The CO2 bomb was my next option. I rented a 20lb tank from a local welding supply; 20lbs of CO2 is ~175 cubic feet (enough to fill my 3x3x7 viv more than twice). I sealed the gaps and vents in the viv with blue tape and hung a tea-candle in the upper portion to serve as my CO2 indicator.

When I turned on the CO2 tank, I realized its output range was more limited than I expected (with a max of ~25 cubic feet per hour). Thus it took longer to fill the tank (and snuff out the candle) that I planned - but, given Boyles Law, I soon realized that ~25 CFH was the limit because the regulator quickly frosted-over at the flow-rate. I turned-down the flow and added an electric blanket over the regulator to help the frost issue as I let the tank fill up for good measure. Then I turned the CO2 down to a 1 CFH rate (to keep the CO2 up in the tank even if there were some small leaks) and left it that way until morning.
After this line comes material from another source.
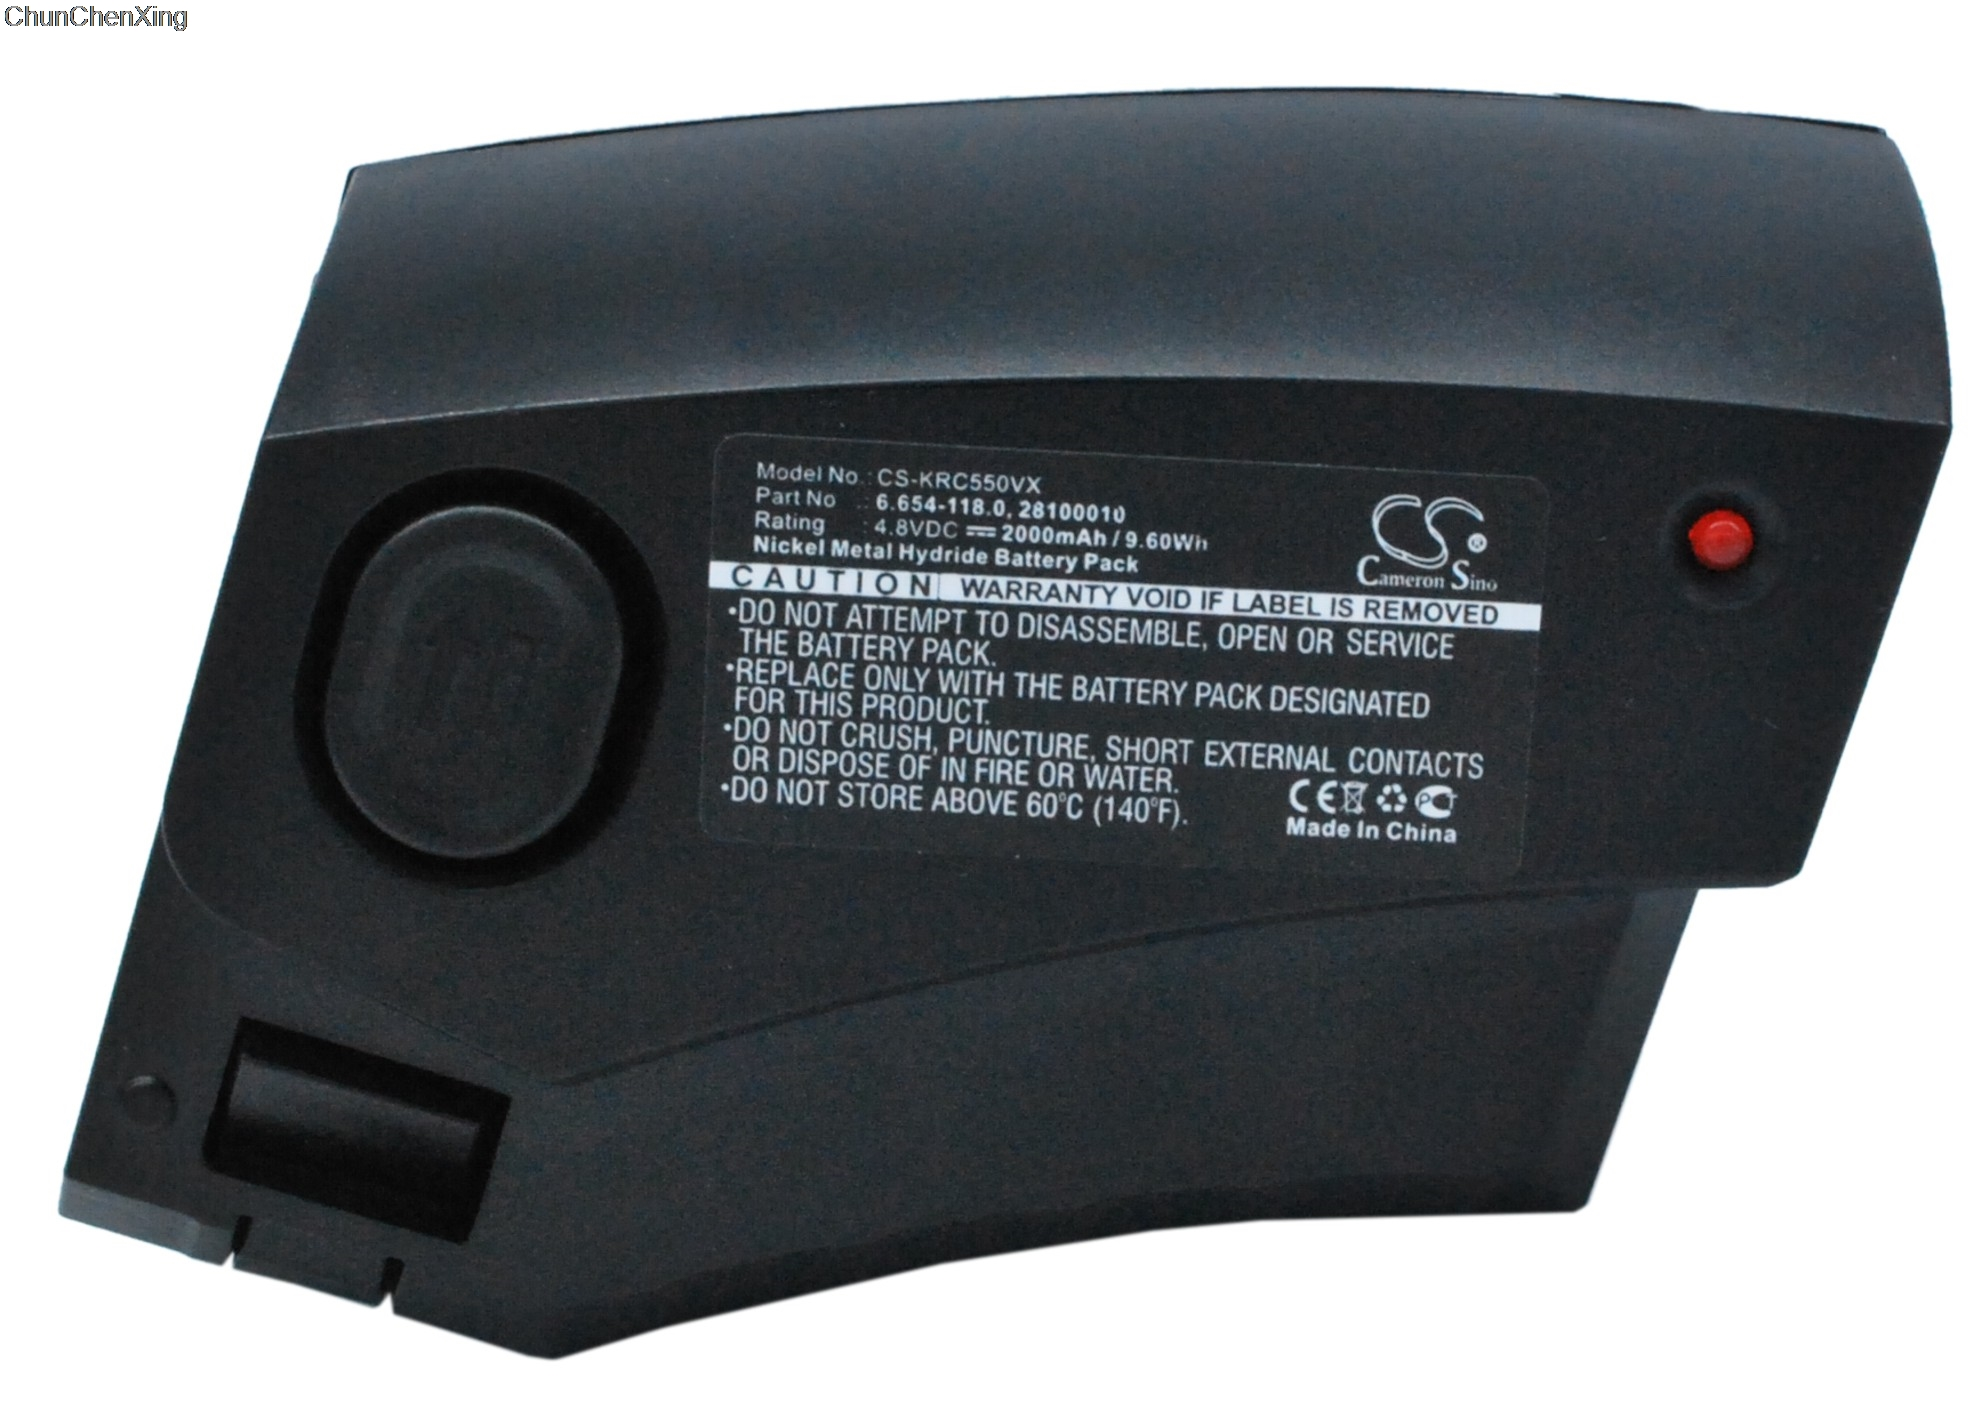 Кэмерон Sino 2000mAh аккумулятор 28100010, 6,654 118,0 для Karcher 1,258 505,0, 12585050,1258 5050, KC55

Soon after the tank was full, I saw a small slug (on a conveniently front-and-centered plant) that had stopped moving and had its eye-stalks contracted. That was a good sign so I went to bed with visions of Slug-free vivariums dancing in my head.
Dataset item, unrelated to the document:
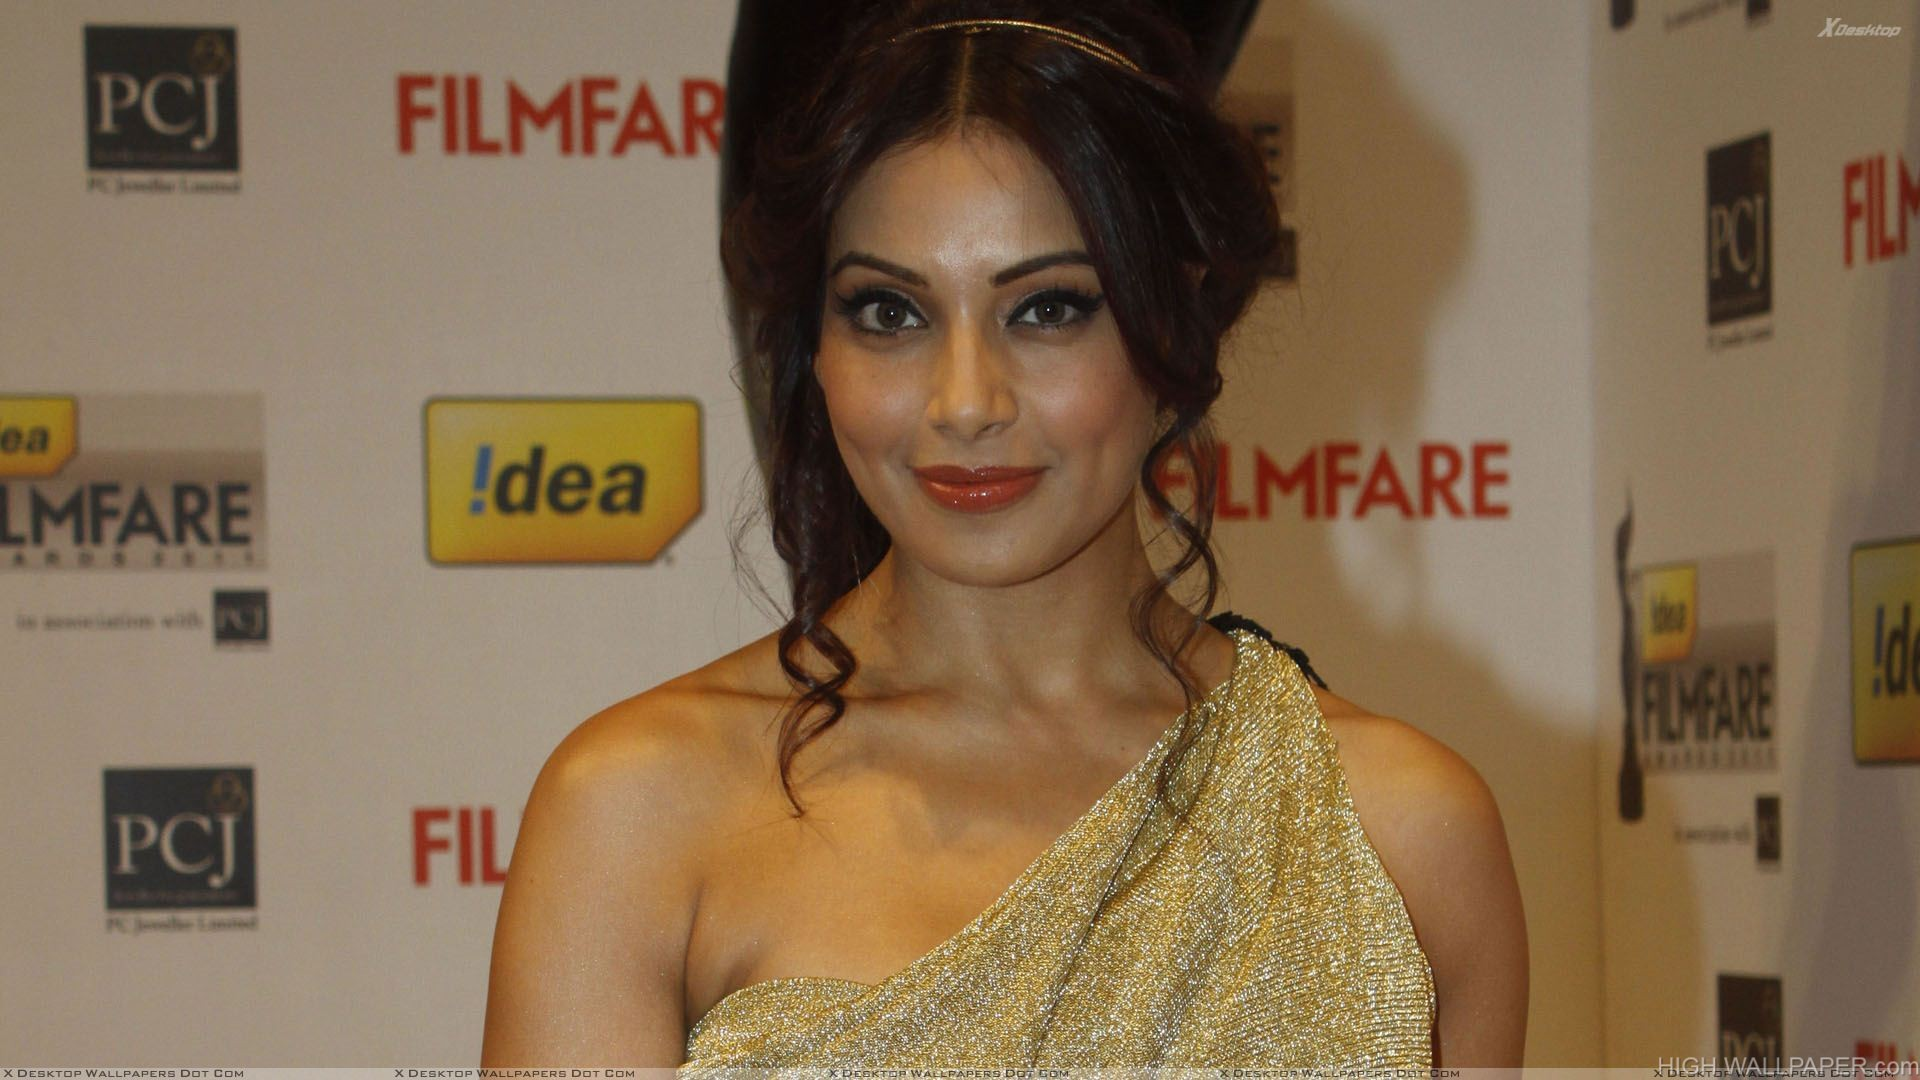 Bipasha Basu Filmfare Awards 2012 Red Carpet Red Lips Smiling

This morning I unsealed the viv and collected a few slugs and tiny snails I found - all of which were lifeless. In addition to the Molluscs, I also found several dead earwigs. For good measure I ventilated them well and put them in an observation glass with a bit of moisture to make sure recovery and resurrection did not happen. Several hours later the critters are all still un-moving (though the slug did flinch one or twice when I first exposed it to oxygen again).

So it looks like the CO2 bomb has done the trick - and I couldn't be happier. Death to the slugs!


----------



## roundfrog (Jan 27, 2016)

You may need to do it again, as the slugs probably have eggs, and once they hatch out, the problem will begin again. It does help the plants though, so I guess that's a plus.


----------



## kimcmich (Jan 17, 2016)

Yo roundfrog,

A second (and perhaps third) treatment is the plan - I should be able to get at least one more all-night treatment in with the tank before I need a refill.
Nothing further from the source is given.